■ Recorded information

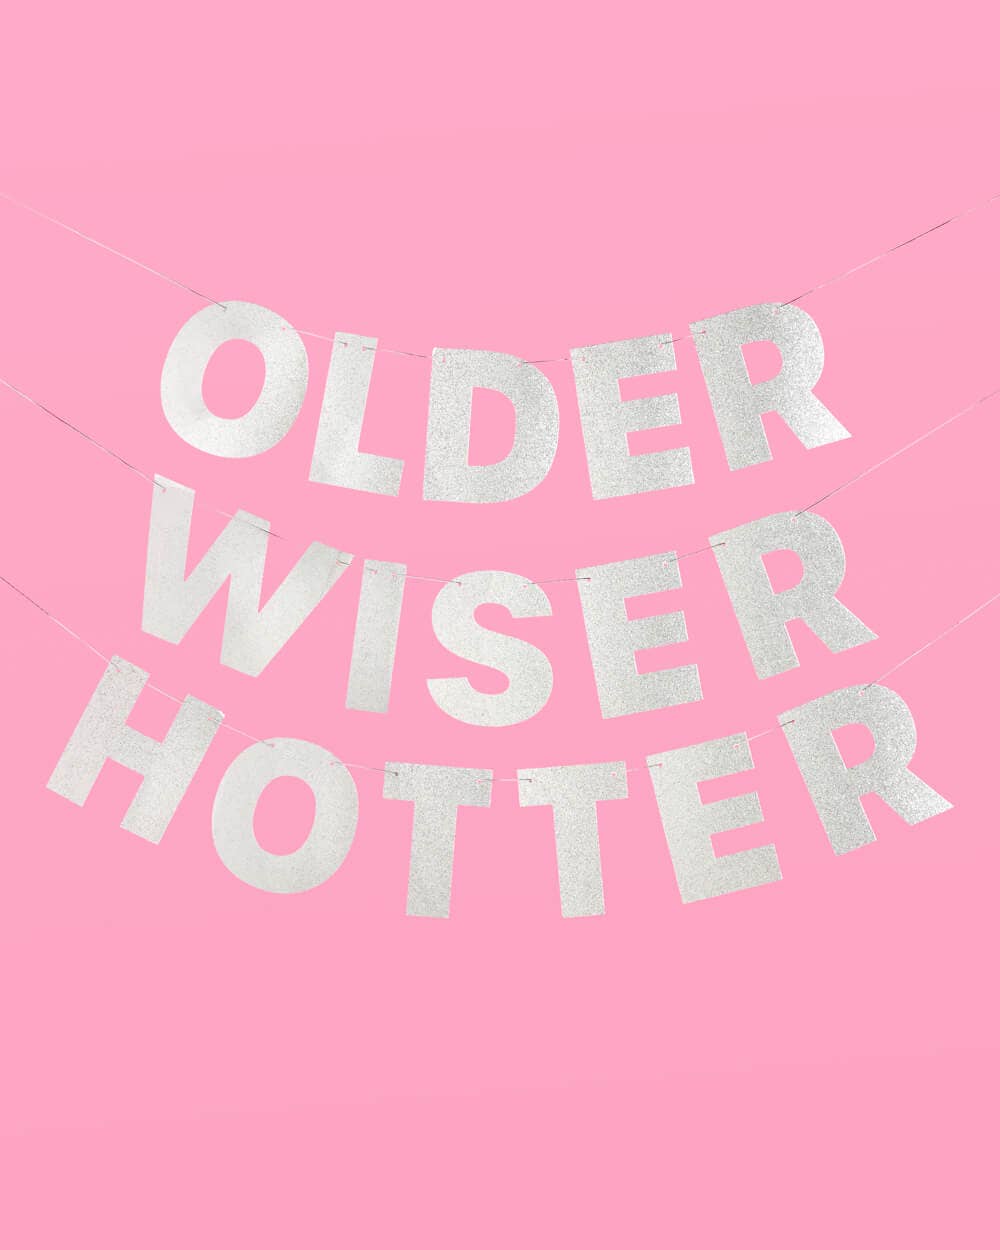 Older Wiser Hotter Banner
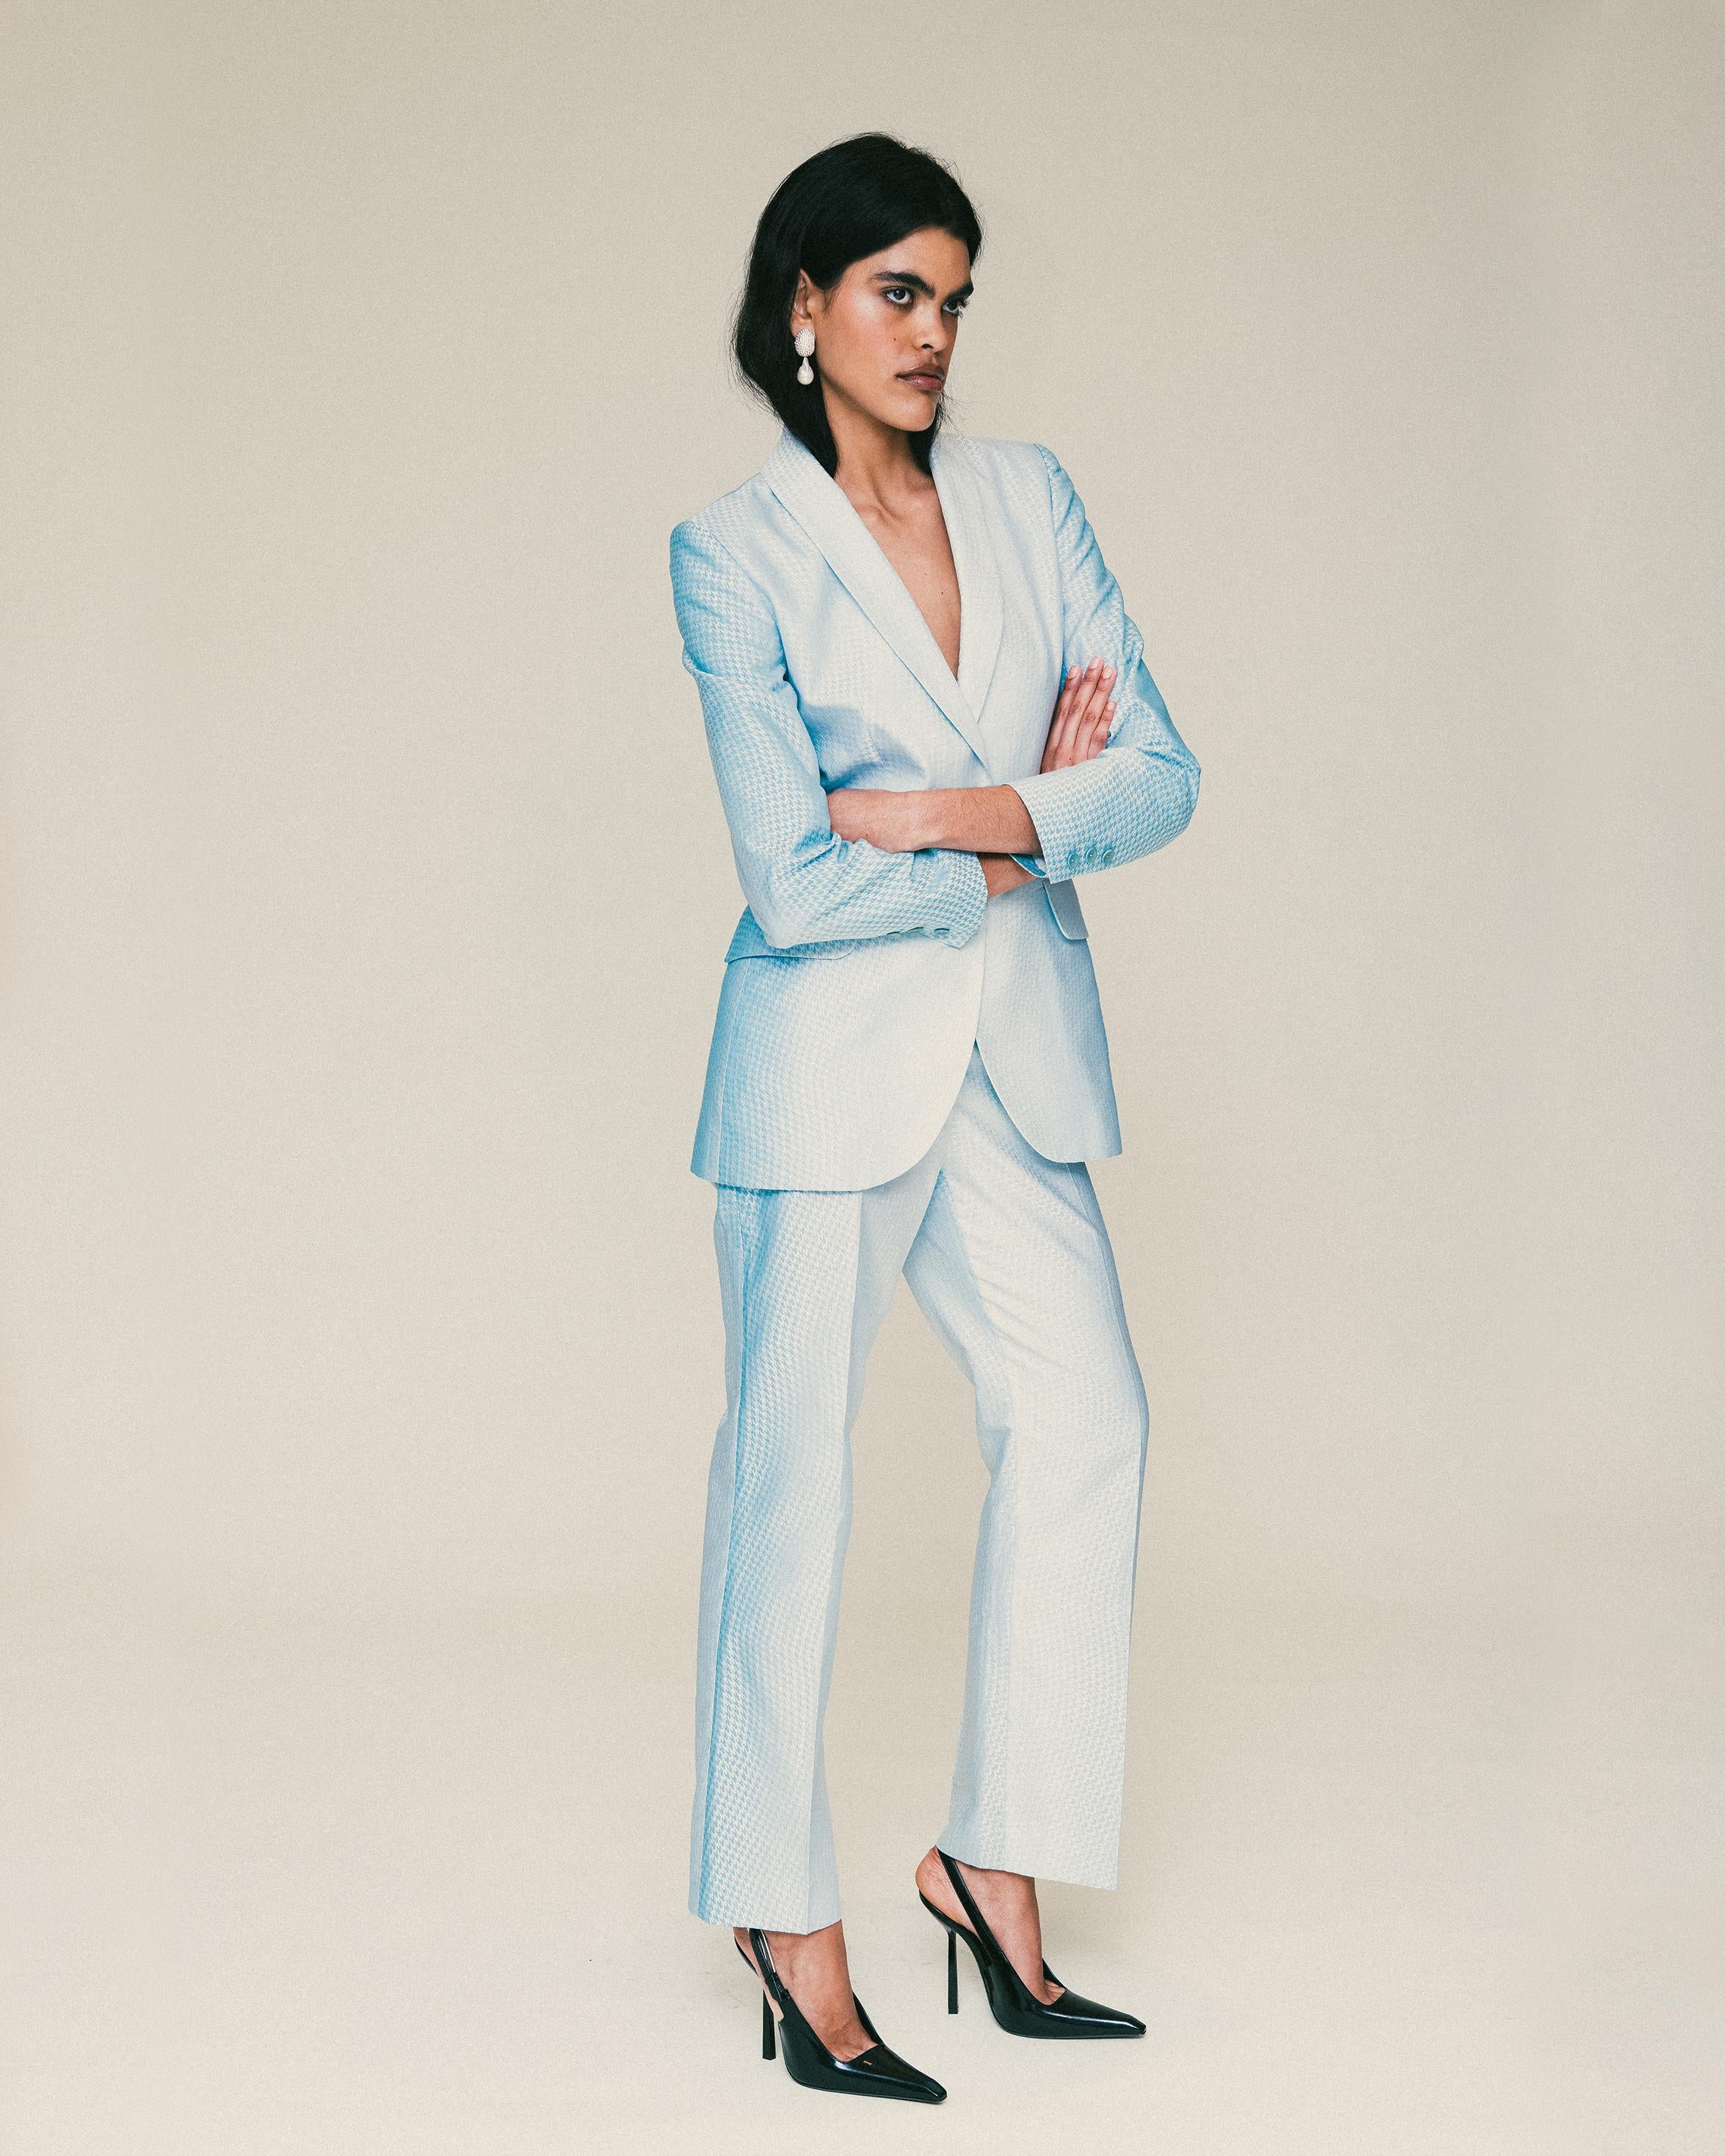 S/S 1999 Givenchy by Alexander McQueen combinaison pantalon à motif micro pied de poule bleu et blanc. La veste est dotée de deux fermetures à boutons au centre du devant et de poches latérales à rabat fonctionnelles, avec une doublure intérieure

--

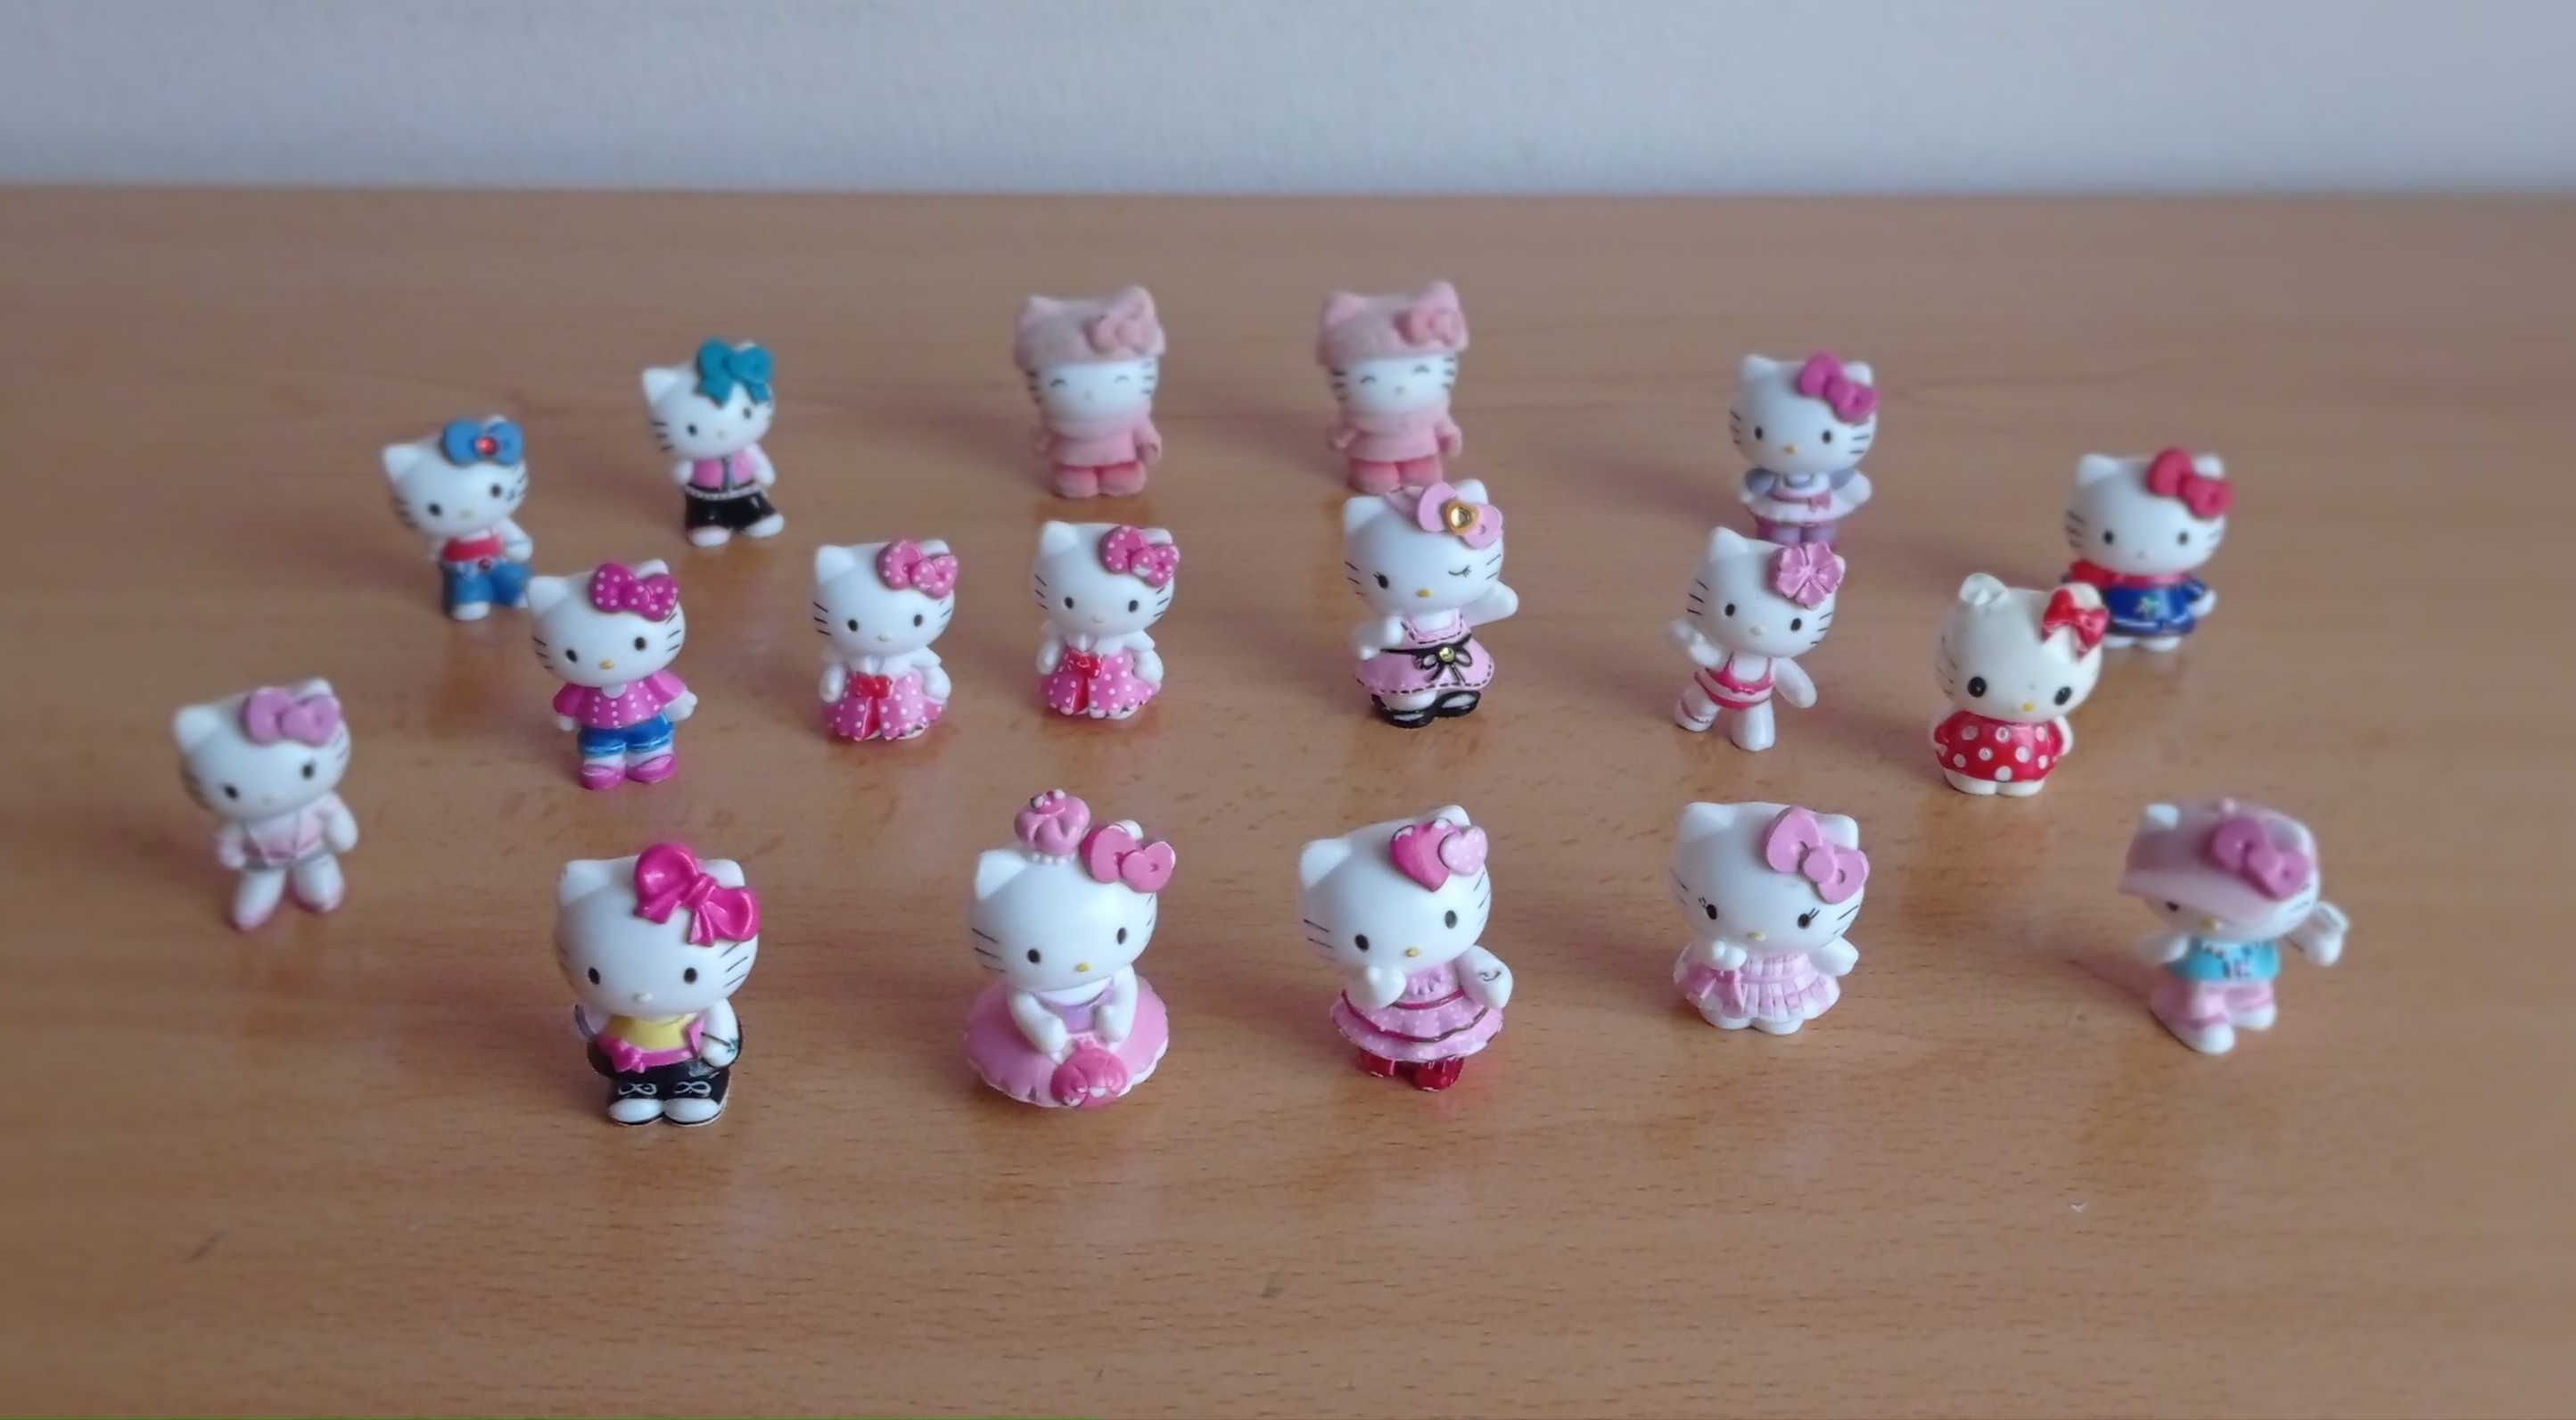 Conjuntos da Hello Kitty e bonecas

■ Action item
Could you output exactly the lines above, from the line with "Older Wiser Hotter Banner" up to and including the line with "S/S 1999 Givenchy", and nothing else, skipping the pictures?

■ Result
 Older Wiser Hotter Banner
 S/S 1999 Givenchy by Alexander McQueen combinaison pantalon à motif micro pied de poule bleu et blanc. La veste est dotée de deux fermetures à boutons au centre du devant et de poches latérales à rabat fonctionnelles, avec une doublure intérieure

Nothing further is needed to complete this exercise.